In [13]:
from datasets import load_dataset
import re
from collections import Counter
from matplotlib import pyplot as plt
import numpy as np
from spacy.lang.pl import Polish
from p_tqdm import p_map
import random
import numpy as np

#### Use the corpus from exercise no. 1.

In [2]:
ds = load_dataset("clarin-knext/fiqa-pl", "corpus")


In [3]:
ds["corpus"]


Dataset({
    features: ['_id', 'title', 'text'],
    num_rows: 57638
})

#### Use SpaCy tokenizer API to tokenize the text in the documents.

In [4]:
nlp = Polish()
document = ds["corpus"]["text"]

In [5]:
tokenized = []
for doc in nlp.pipe(document):
    tokenized.append([token.text.lower() for token in doc if not token.is_punct])

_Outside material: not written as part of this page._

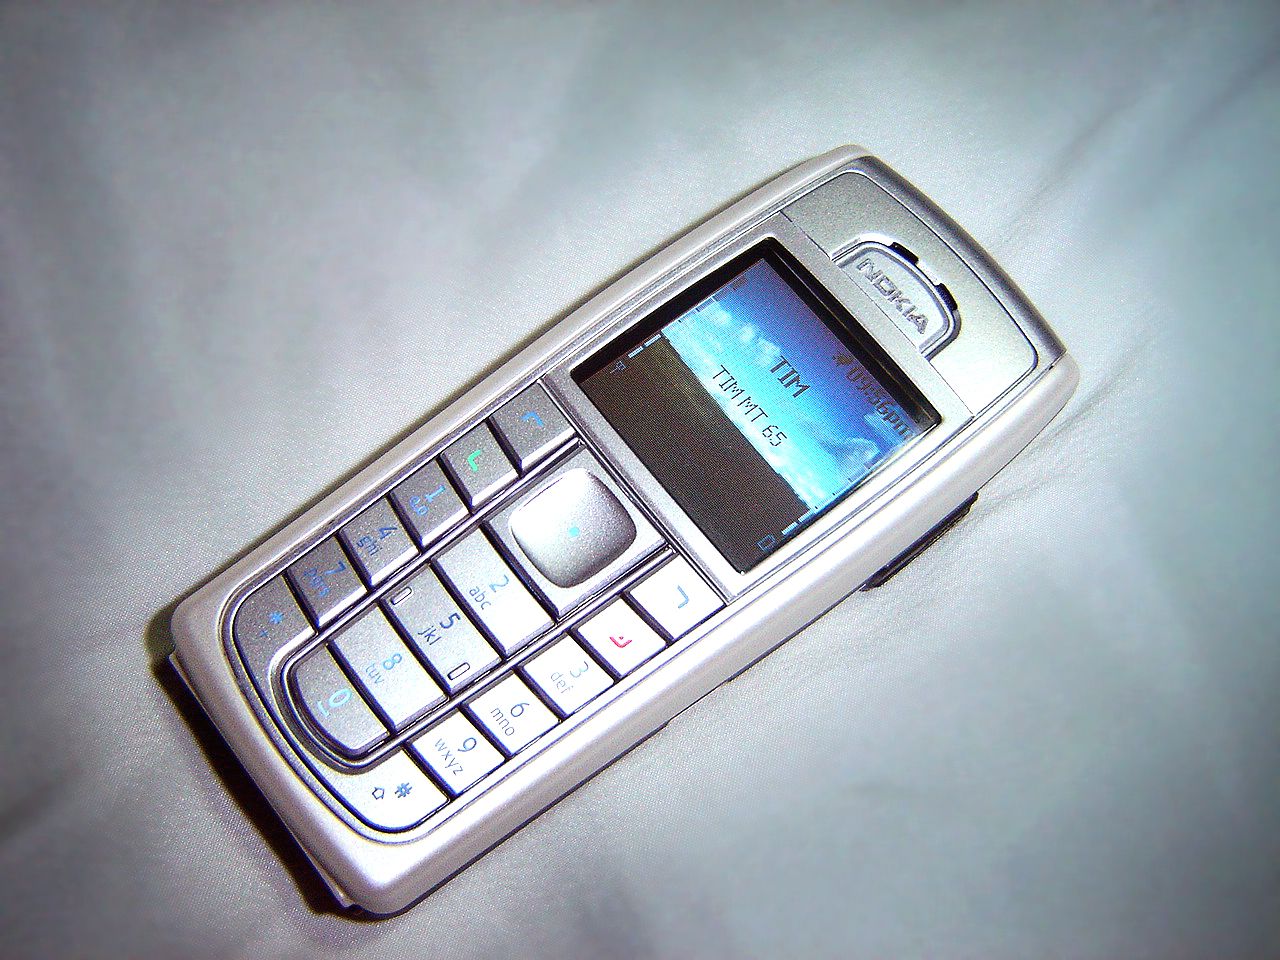 Nokia 3310 - Simple English Wikipedia, the free encyclopedia

#### Compute frequency list for each of the processed files, and aggregate the result to obtain one global frequency list. This frequency list gives you unigram statistics of the words appearing in the corpus.


In [6]:
def count_frequencies(t):
    return Counter(t)
# parallelize the counting
frequencies = p_map(count_frequencies, tokenized)

100%|██████████| 57638/57638 [00:19<00:00, 2924.62it/s]


In [7]:
def sum_counters(counter_list):
    return sum(counter_list, Counter())

chunked_results_10 = p_map(sum_counters, [frequencies[i::10] for i in range(10)]) # split the data into 10 chunks


100%|██████████| 10/10 [01:30<00:00,  9.03s/it]


In [8]:
chunked_results_2 = p_map(sum_counters, [chunked_results_10[i::2] for i in range(2)])


100%|██████████| 2/2 [00:01<00:00,  1.43it/s]


In [9]:
final_result = sum_counters(chunked_results_2)

In [11]:
final_result.most_common(5)

[('w', 175366), ('nie', 131482), ('i', 126839), ('na', 119047), ('to', 116468)]

#### Apply a distortion function to the queries part of the corpus. In each query draw randomly one word and change one letter in the word to some other letter.


In [28]:
def distort_query_with_one_random_word_letter(query):
    words = query.split()
    # For one word in the query, one letter is going to be changed to a random one if the word is longer than 2
    indices_of_words_to_change = [i for i in range(len(words)) if len(words[i]) > 2]
    
    if not indices_of_words_to_change:
        return query  # Return the original query if no words can be changed

    index_of_word_to_change = np.random.choice(indices_of_words_to_change)
    word = words[index_of_word_to_change]
    index = np.random.choice(len(word))
    new_letter = random.choice("abcdefghijklmnopqrstuvwxyz".replace(word[index], ""))
    
    new_word = word[:index] + new_letter + word[index + 1:]    
    words[index_of_word_to_change] = new_word
    
    return ' '.join(words) 

In [30]:
distorted_queries = p_map(distort_query_with_one_random_word_letter, document)

100%|██████████| 57638/57638 [00:14<00:00, 4038.28it/s]


In [36]:
def dcg_at_k(scores, k):
    scores = scores[:k]
    return sum(score / np.log2(idx + 2) for idx, score in enumerate(scores))

# nDCG@k
def ndcg_at_k(relevance_scores, k=10):
    ideal_scores = sorted(relevance_scores, reverse=True)
    dcg = dcg_at_k(relevance_scores, k)
    idcg = dcg_at_k(ideal_scores, k)
    return dcg / idcg if idcg > 0 else 0

In [39]:
relevance_scores = [random.choices([0, 1], k=len(query)) for query in distorted_queries]
ndcg_scores = p_map(ndcg_at_k, relevance_scores)

# Average nDCG@10 
avg_ndcg_10 = np.mean(ndcg_scores)
print(f"Average nDCG@10 for distorted queries: {avg_ndcg_10}")


100%|██████████| 57638/57638 [00:40<00:00, 1440.24it/s]

Average nDCG@10 for distorted queries: 0.4999274433971518